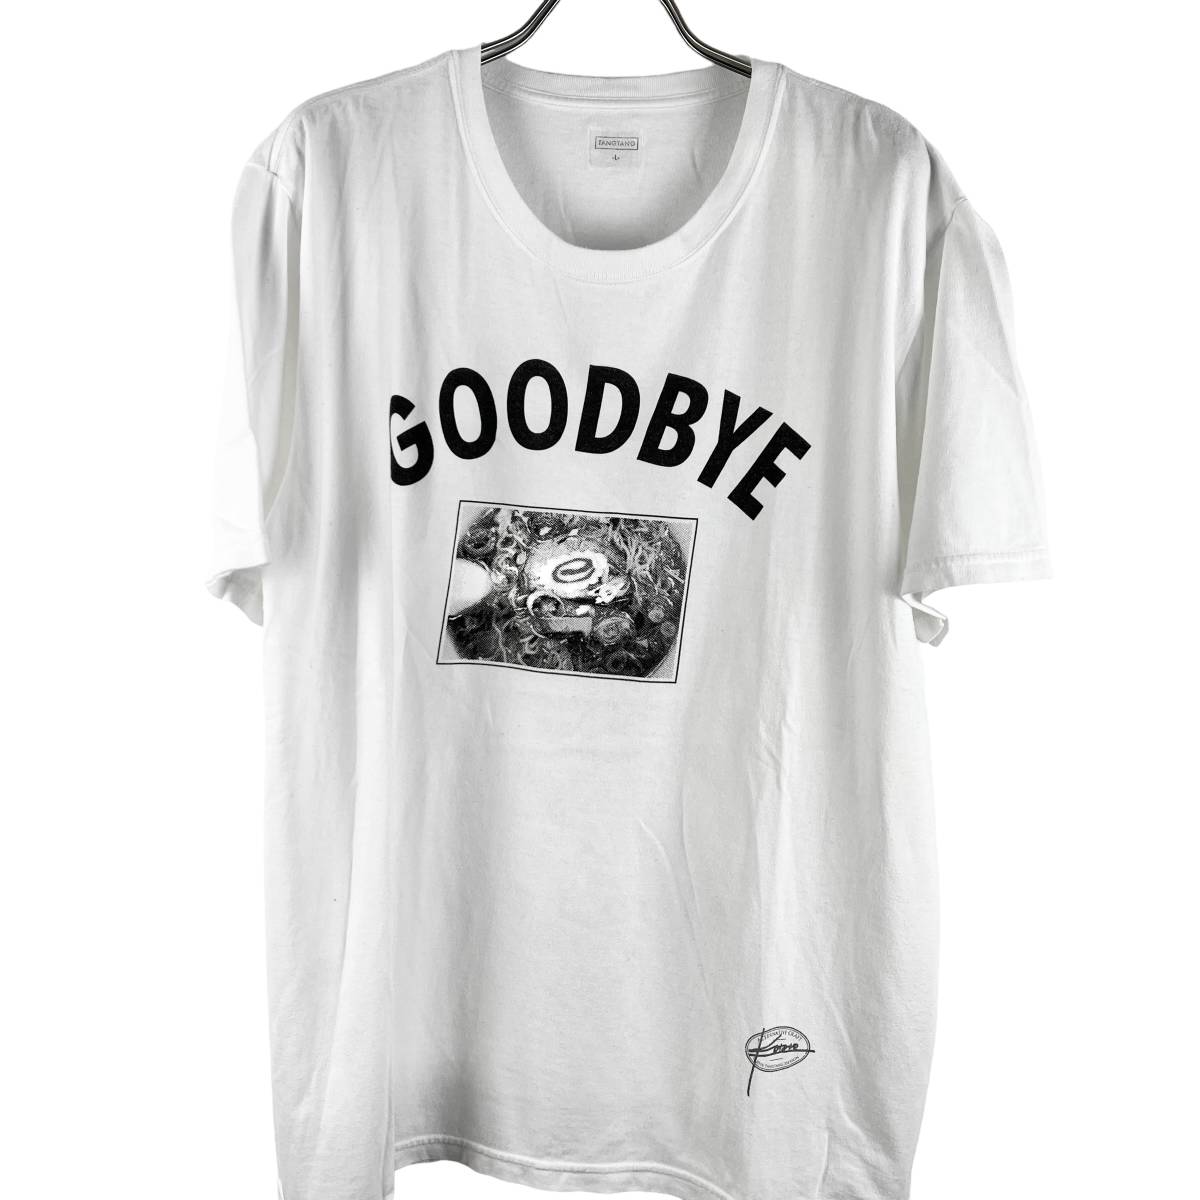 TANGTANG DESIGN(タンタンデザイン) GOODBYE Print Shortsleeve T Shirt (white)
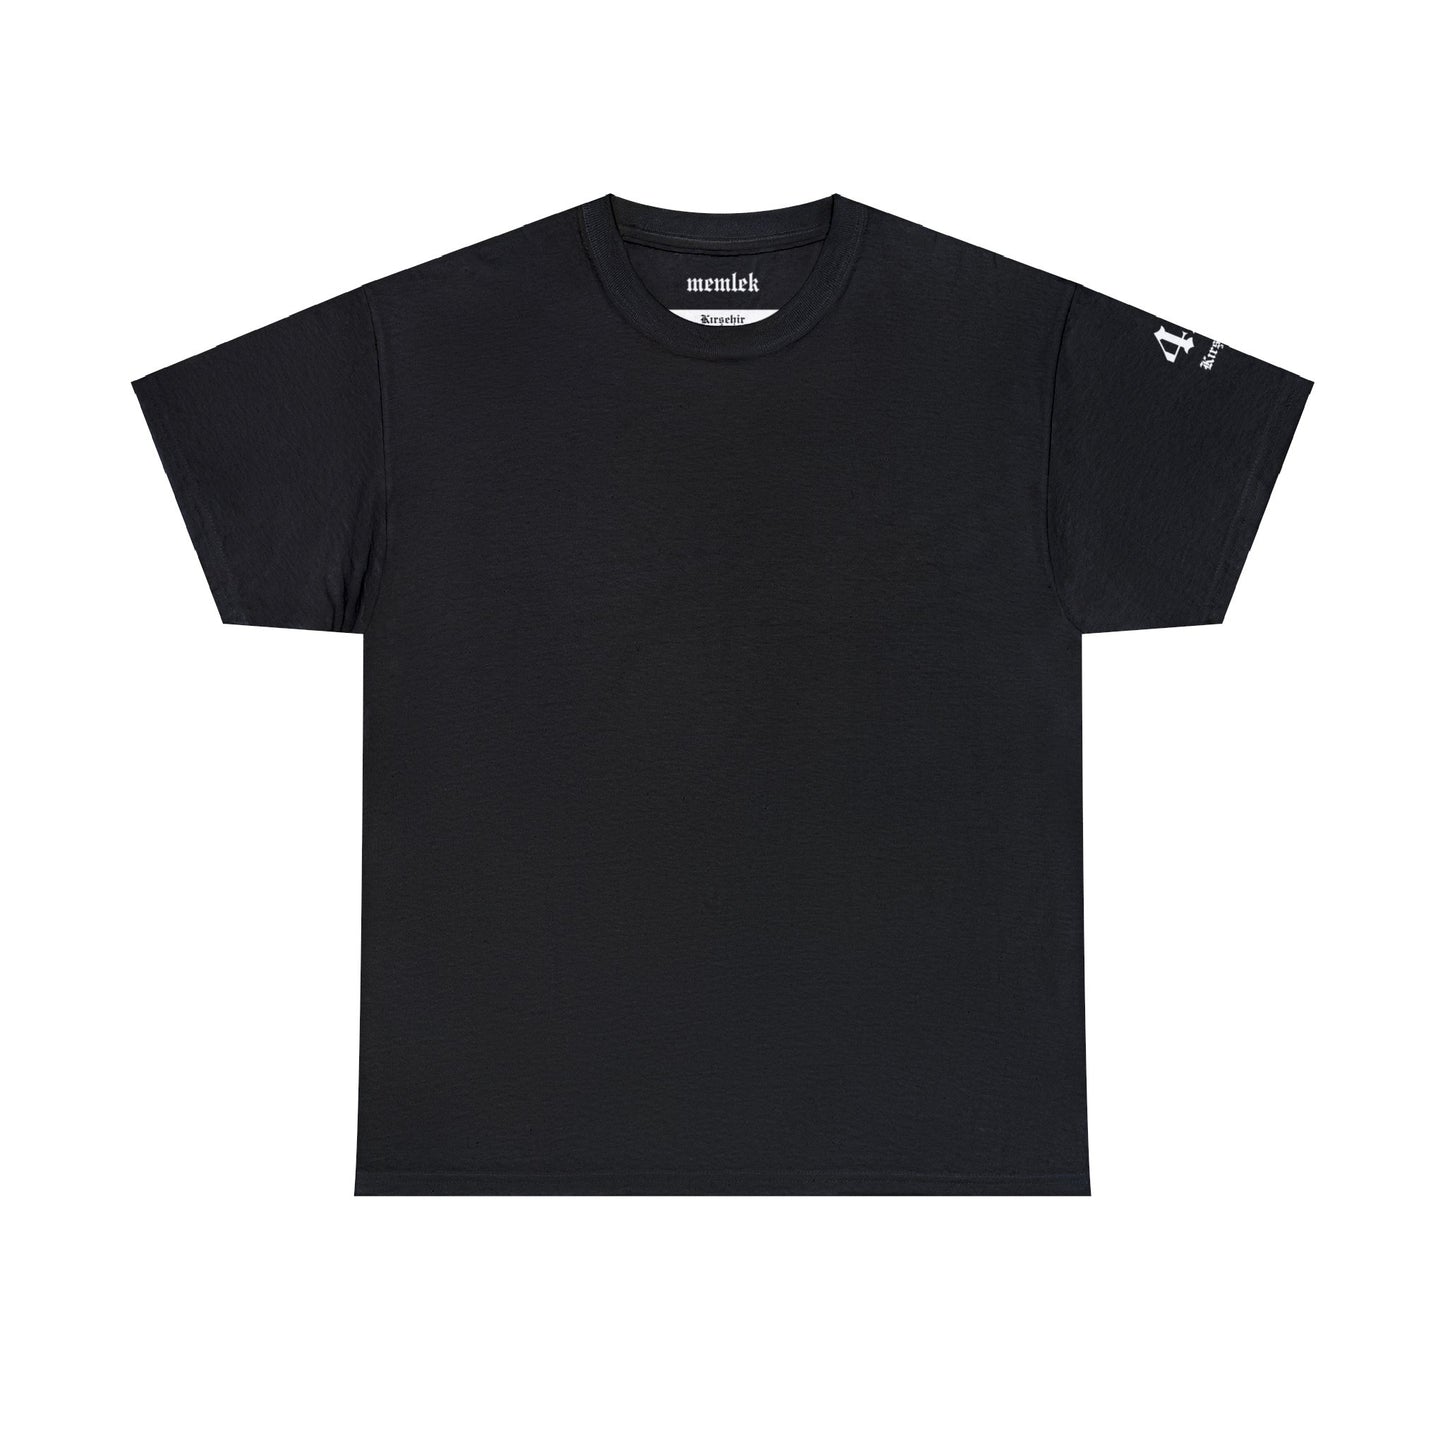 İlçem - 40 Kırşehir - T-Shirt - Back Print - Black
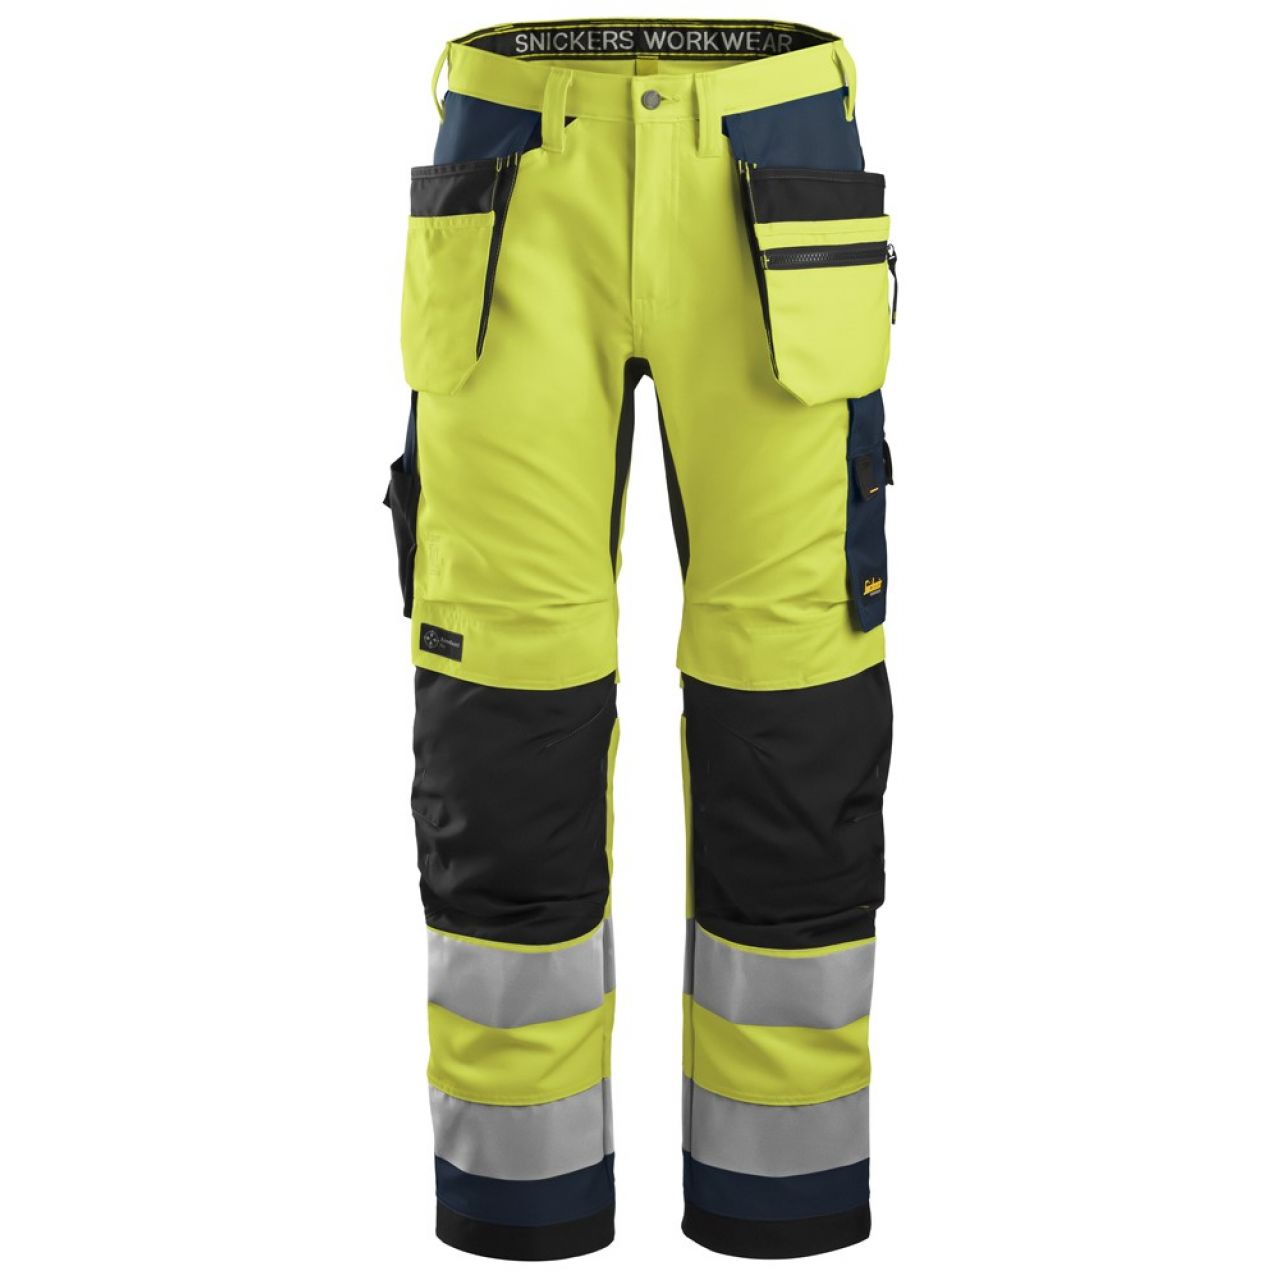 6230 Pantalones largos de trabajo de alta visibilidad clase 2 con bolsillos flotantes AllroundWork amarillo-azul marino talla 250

^^^^

#### HOW TO COMPLETE THIS TASK
The result should be the full material above, word for word, with its pictures omitted.

#### COMPLETED EXERCISE
 TANGTANG DESIGN(タンタンデザイン) GOODBYE Print Shortsleeve T Shirt (white)
 İlçem - 40 Kırşehir - T-Shirt - Back Print - Black
 6230 Pantalones largos de trabajo de alta visibilidad clase 2 con bolsillos flotantes AllroundWork amarillo-azul marino talla 250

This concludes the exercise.